Other tests may be done looking for infections commonly seen in association with erythema multiforme, such as mycoplasma.
Target lesion treatment
Target lesion treatment involves treating the underlying cause.
Treatment of erythema multiforme
For the majority of cases, no treatment is required, as the rash settles by itself over several weeks without complications.
Treatment directed to any possible cause may be required such as oral aciclovir (not topical) for HSV or antibiotics (eg, erythromycin) for Mycoplasma pneumoniae. If a drug cause is suspected then the possible offending drug should be ceased.
Supportive/symptomatic treatment may be necessary:
- Itch — oral antihistamines and/or topical corticosteroids may help.
- Oral pain — mouthwashes containing local anesthetic and antiseptic reduce pain and secondary infection.
- Eye involvement should be assessed and treated by an ophthalmologist.
- Erythema multiforme major may require hospital admission for supportive care, particularly if severe oral involvement restricts drinking.

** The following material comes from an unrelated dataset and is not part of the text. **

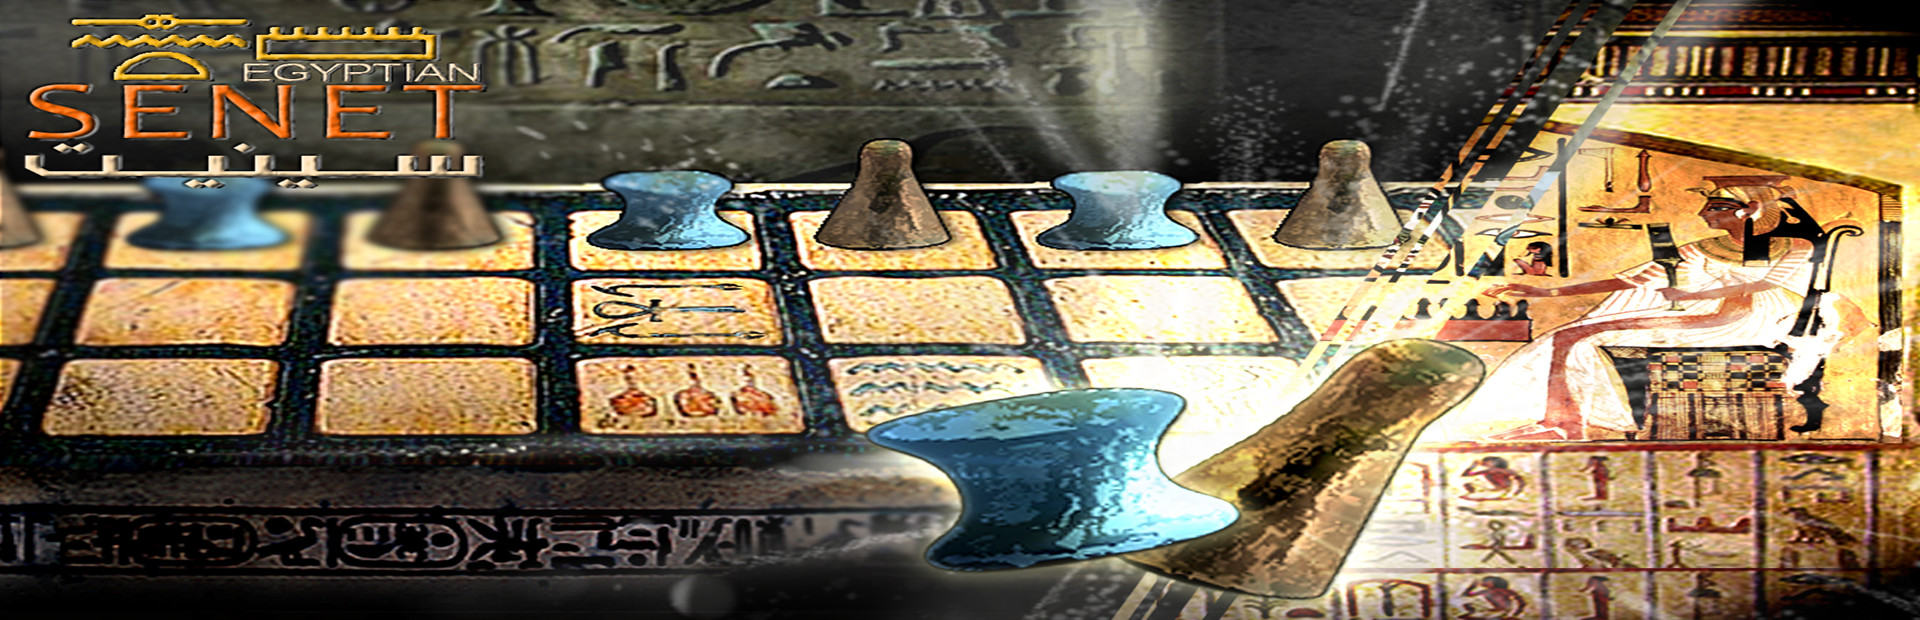 Egyptian Senet cover image

The role of oral corticosteroids remains controversial, as no controlled studies have shown any benefit. However for severe disease 0.5–1 mg/kg/d prednisone or prednisolone is often used early in the disease process.
Recurrent erythema multiforme is usually treated initially with continuous oral aciclovir for 6 months at a dose of 10 mg/kg/d in divided doses (eg, 400 mg twice daily), even if HSV has not been an obvious trigger for the patient’s erythema multiforme. This has been shown to be effective in placebo-controlled double-blind studies. However, erythema multiforme may recur when the aciclovir is ceased. Other antiviral drugs such as valaciclovir (500–1000 mg/day) and famciclovir (250 mg twice daily) should be tried if aciclovir has not helped.
Other treatments (used continuously) that have been reported to help suppress recurrent erythema multiforme include:
- Dapsone 100–150 mg/day
- Antimalarial drugs (eg, hydroxychloroquine)
- Azathioprine 100–150 mg/day
- Others: thalidomide, ciclosporin, mycophenolate mofetil, photochemotherapy (PUVA)
What is the outlook for erythema multiforme?
Erythema multiforme minor usually resolves spontaneously without scarring over 2–3 weeks. Erythema multiforme major can take up to 6 weeks to resolve. Erythema multiforme does not progress to Stevens-Johnson syndrome / toxic epidermal necrolysis.
There may be residual mottled skin discoloration. Significant eye involvement in erythema multiforme major may rarely result in serious problems, including blindness.